■ Input data ■
★ ★ ★

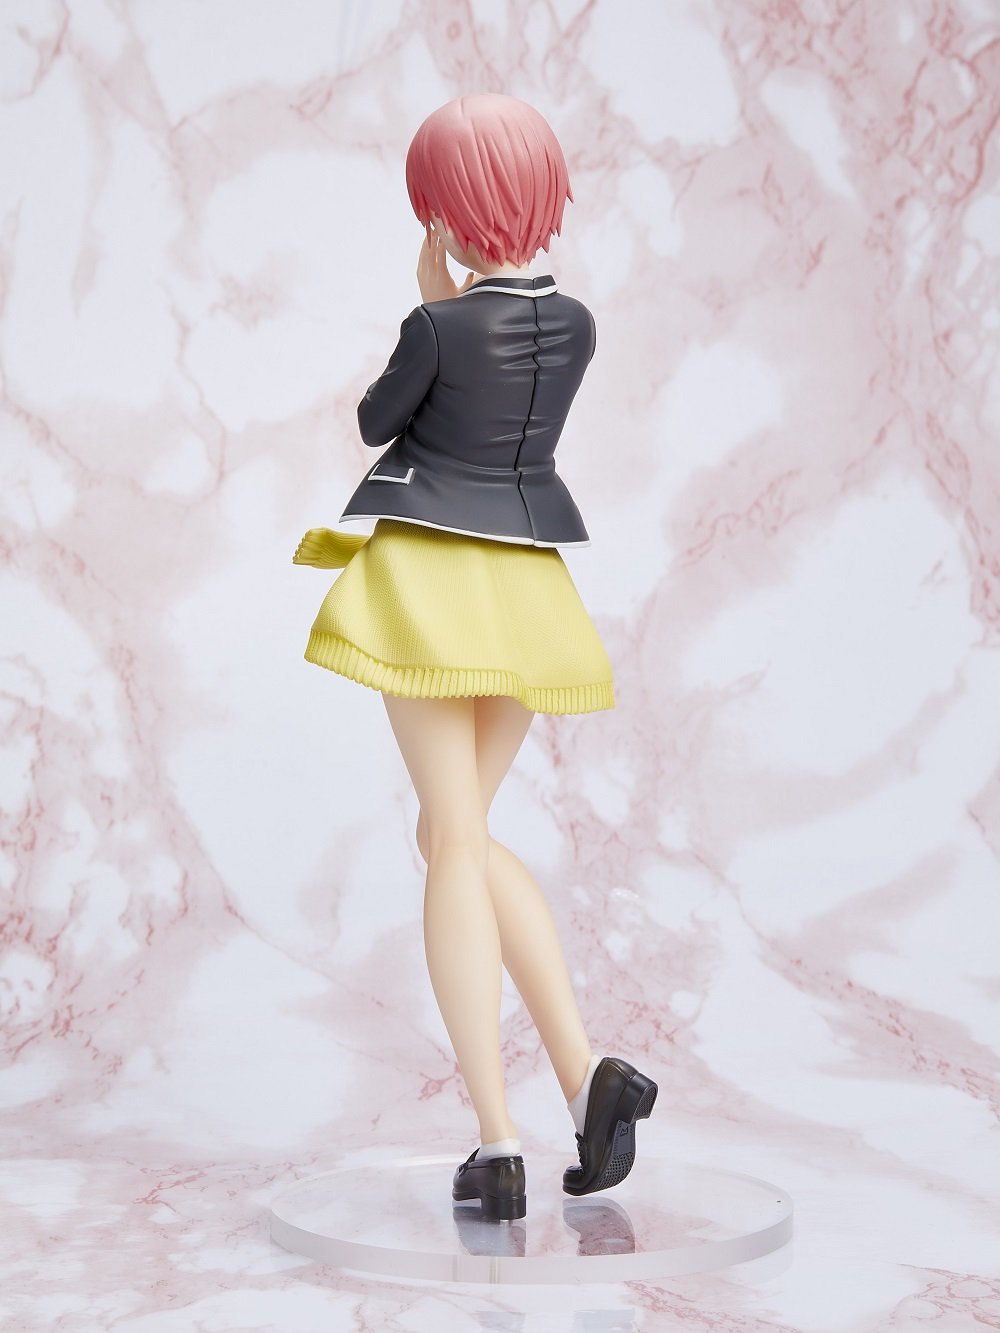 The Quintessential Quintuplets - Ichika Nakano Prize Figure (Uniform Ver.) image count 3
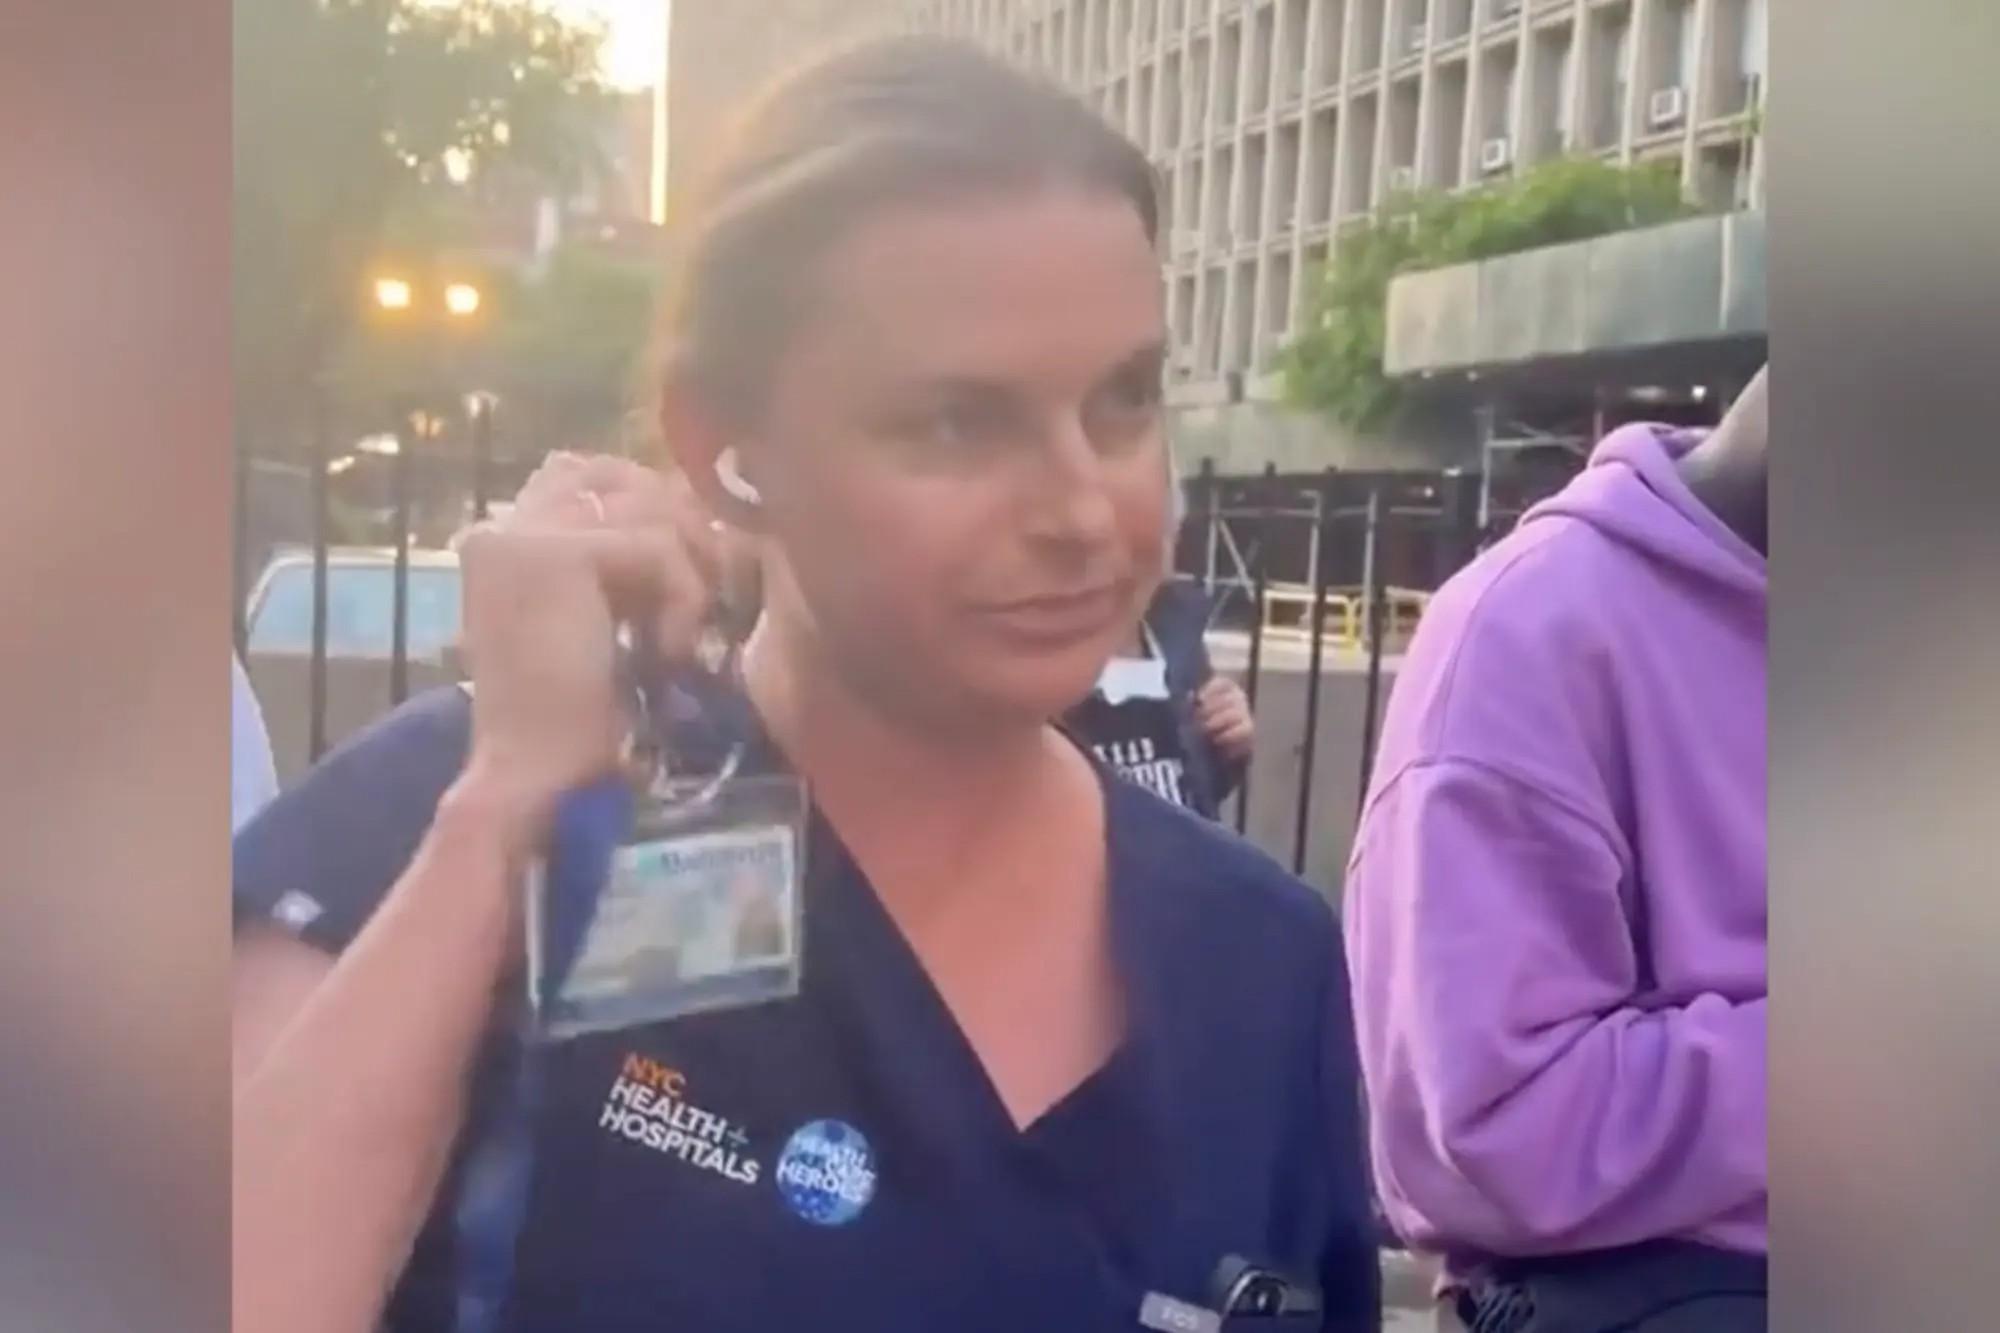 NYC Hospital Karen Paid for Citi Bike in Viral Spat With Black Man, Lawyer Claims
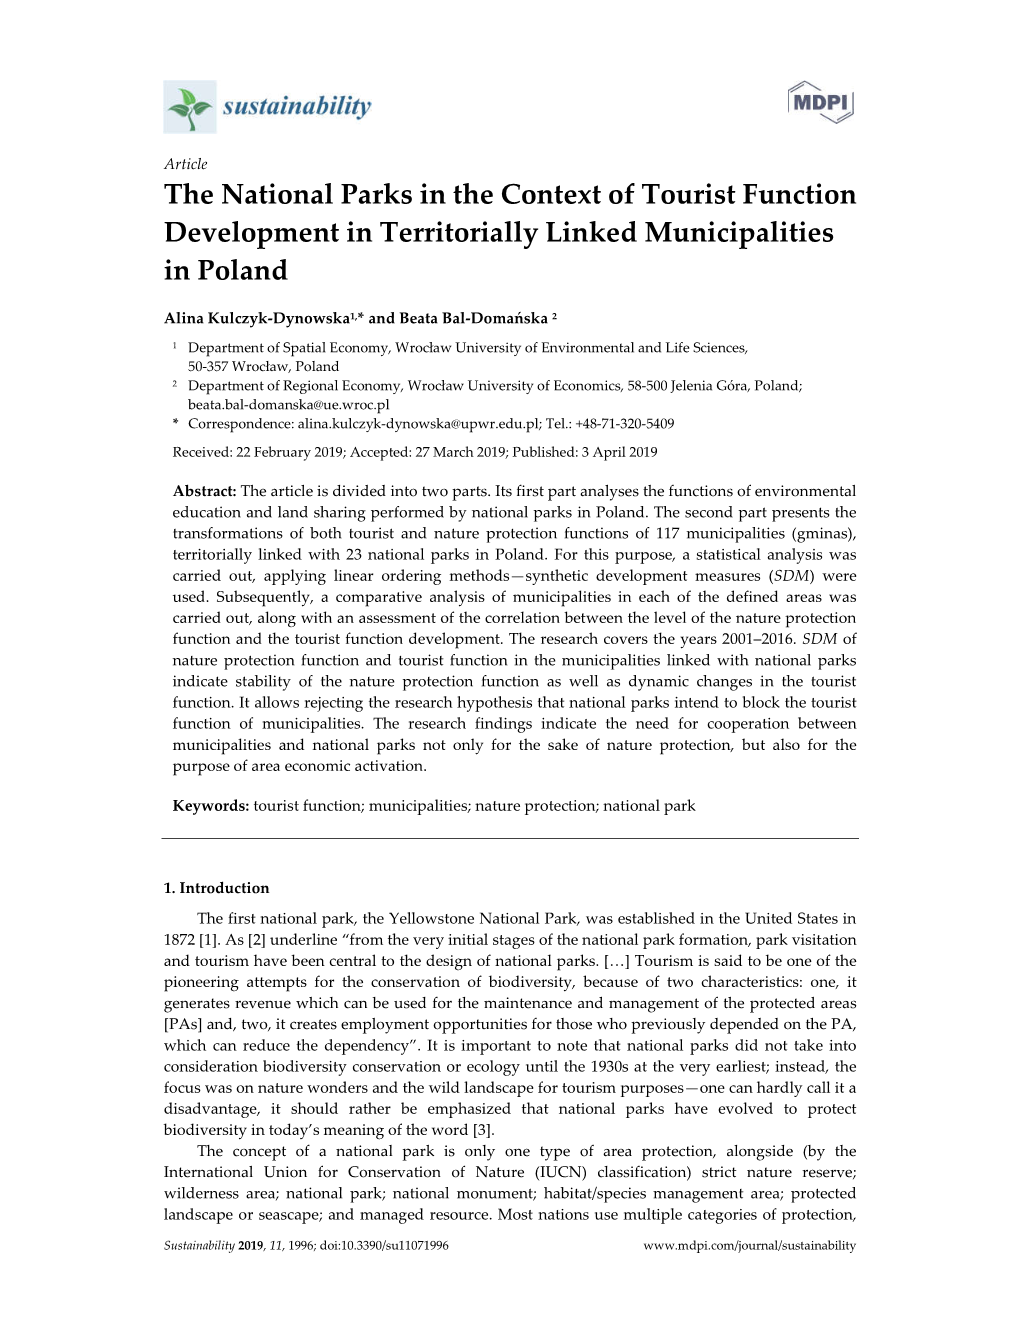 The National Parks in the Context of Tourist Function Development in Territorially Linked Municipalities in Poland
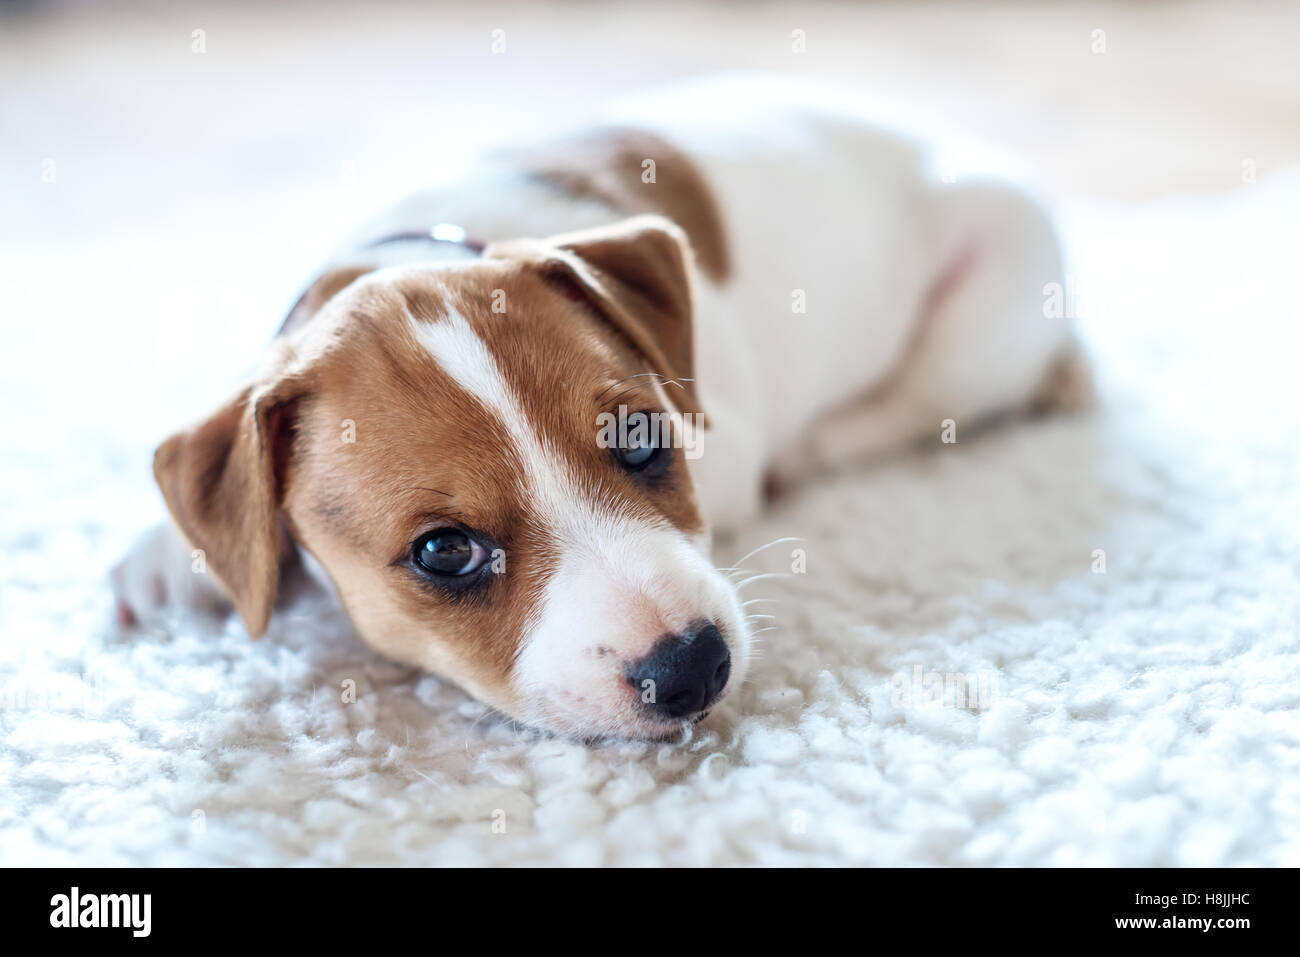 jack russel puppy on white carpet Stock Photo

★ ★ ★

■ Aim of the exercise ■
The whole listing, minus its images, should be repeated exactly.

■ Answer ■
 The Quintessential Quintuplets - Ichika Nakano Prize Figure (Uniform Ver.) image count 3
 NYC Hospital Karen Paid for Citi Bike in Viral Spat With Black Man, Lawyer Claims
 The National Parks in the Context of Tourist Function Development in Territorially Linked Municipalities in Poland
 jack russel puppy on white carpet Stock Photo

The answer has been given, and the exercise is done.